Labor Pains: Because Being in a Union can be Painful

Does UFCW Hate God?

Using the name of God to push a political agenda is by no means new — and by no means acceptable to most people. Yet some fairly callous and desperate officials within the United Food and Commercial Workers union have increasingly been using cheap allusions to God to hock their wares.

This weekend it was their ongoing anti-corporate campaign against the Smithfield meat company, when activists donned t-shirts reading “We pray for healing and justice at Smithfield, oh God.” How disingenuous. UFCW is trying to organize a giant plant for Smithfield — which has said it welcomes a union election at any time. UFCW strategists know they won’t win. Perhaps they can’t win because they’ve already offended the religious sensibilities of their would-be members.

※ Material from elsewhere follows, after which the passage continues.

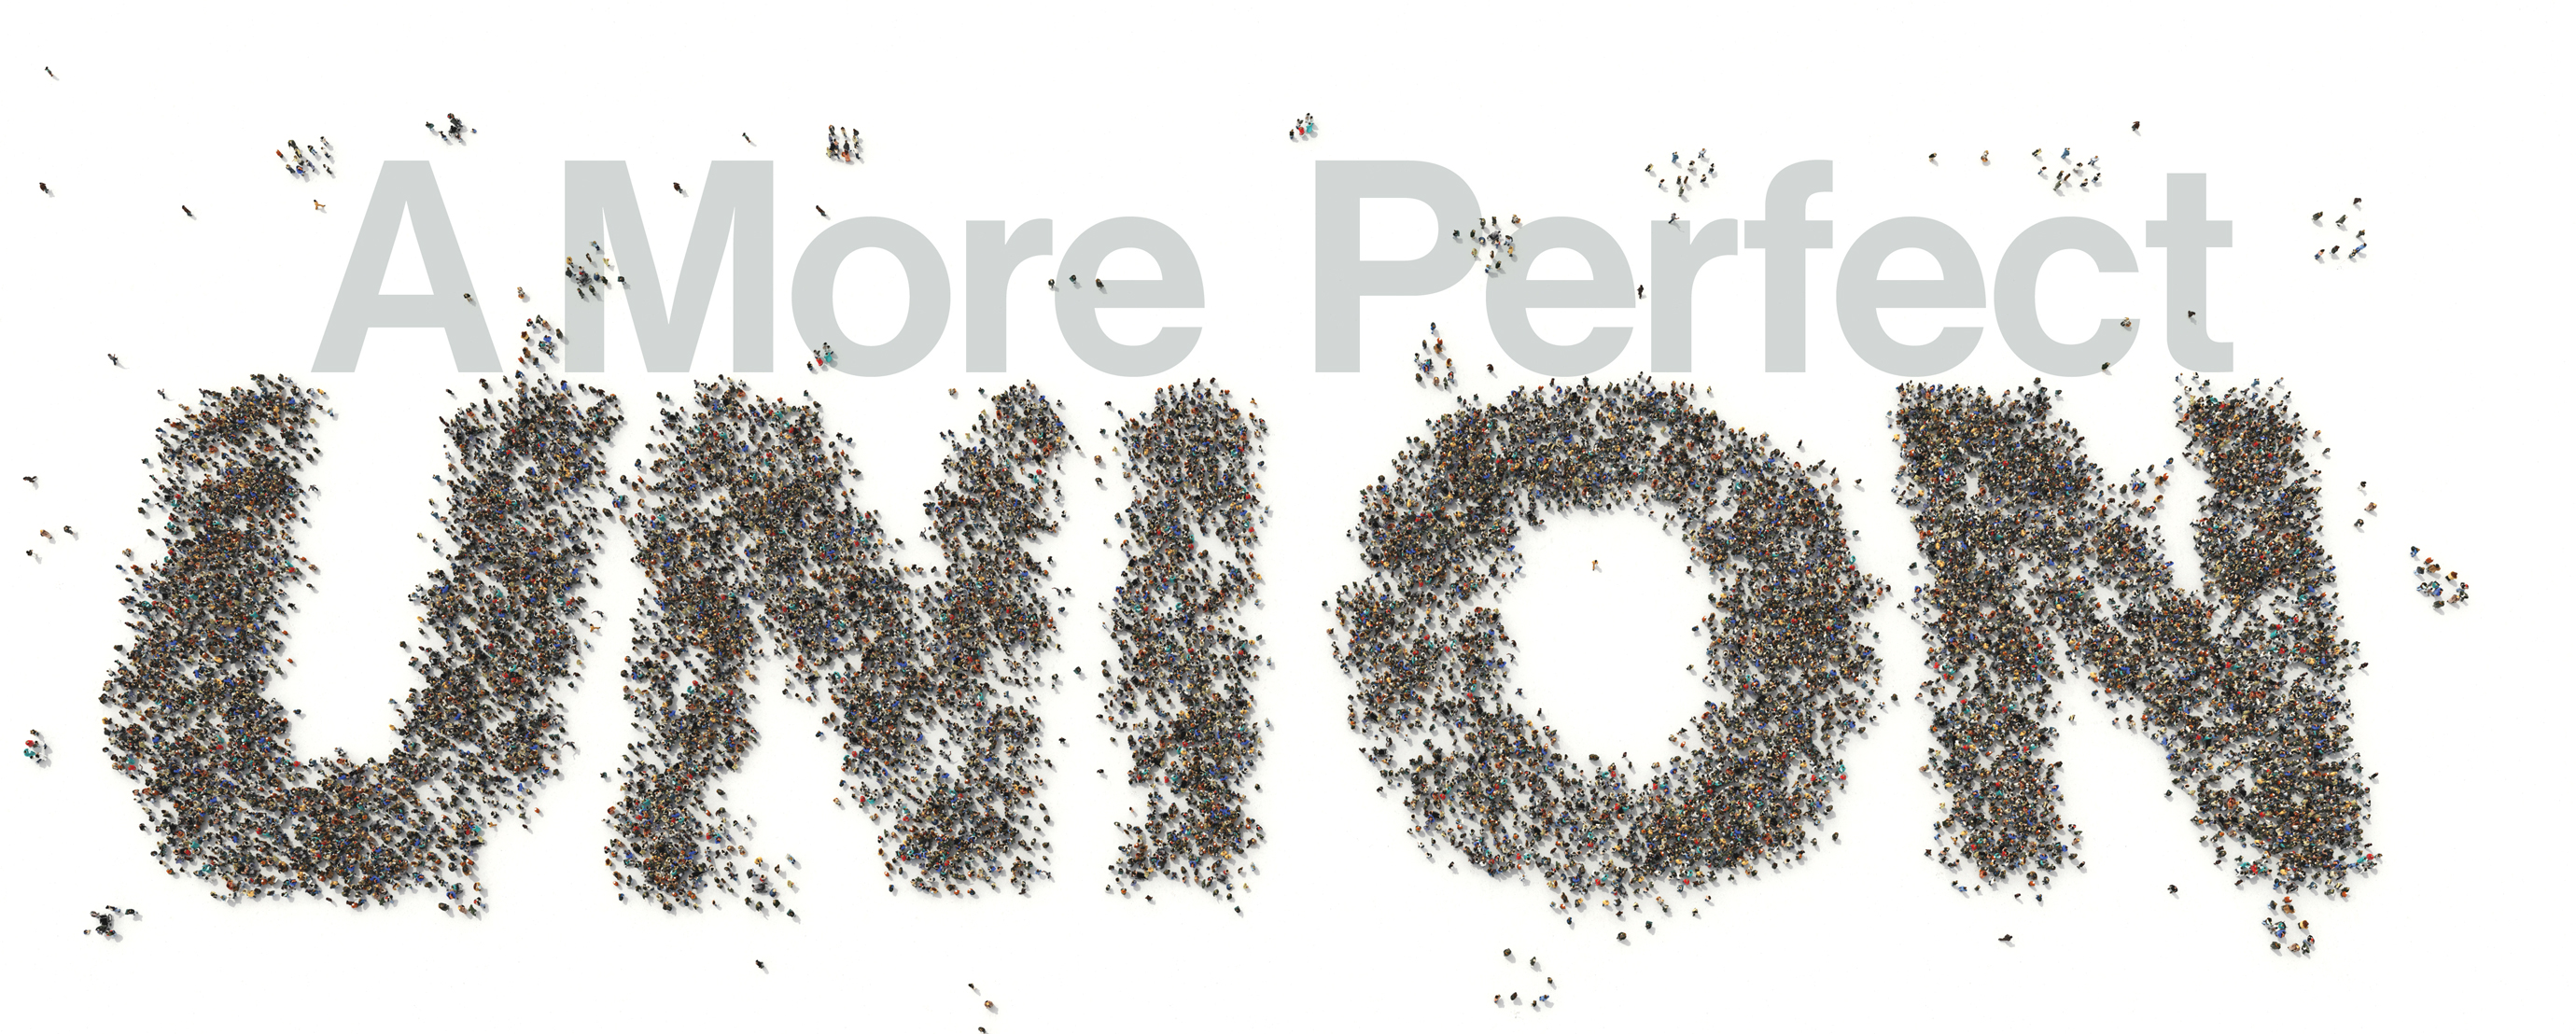 ELECTION OF BARACK OBAMA MILLION DOLLAR SUPPORT THE 2012 RE Lot of 100 BILLS

This “faith and justice” showing, while distasteful, doesn’t even reach the level of UFCW’s sacrilegious pre-Christmas ad campaign attacking Wal-Mart by asking “Where Would Jesus Shop?” I guess these are the kinds of campaigns you get from well-paid political hacks hired to run a no-holds-barred PR campaign.

I came across some thoughts from the Dustbury.com blog on the UFCW’s “WWJS?” campaign worth sharing: “I admit to being a bit perplexed by this ‘Where would Jesus shop?’ premise. I think we can safely conclude that JC opposed commerce in the Temple, but beyond that, it’s hard to be sure.” Later: “I rather strongly suspect that if the United Food and Commercial Workers had negotiated a contract with Bentonville that gave Wal-Mart Associates exactly what they’re getting now, we wouldn’t be seeing any of this.”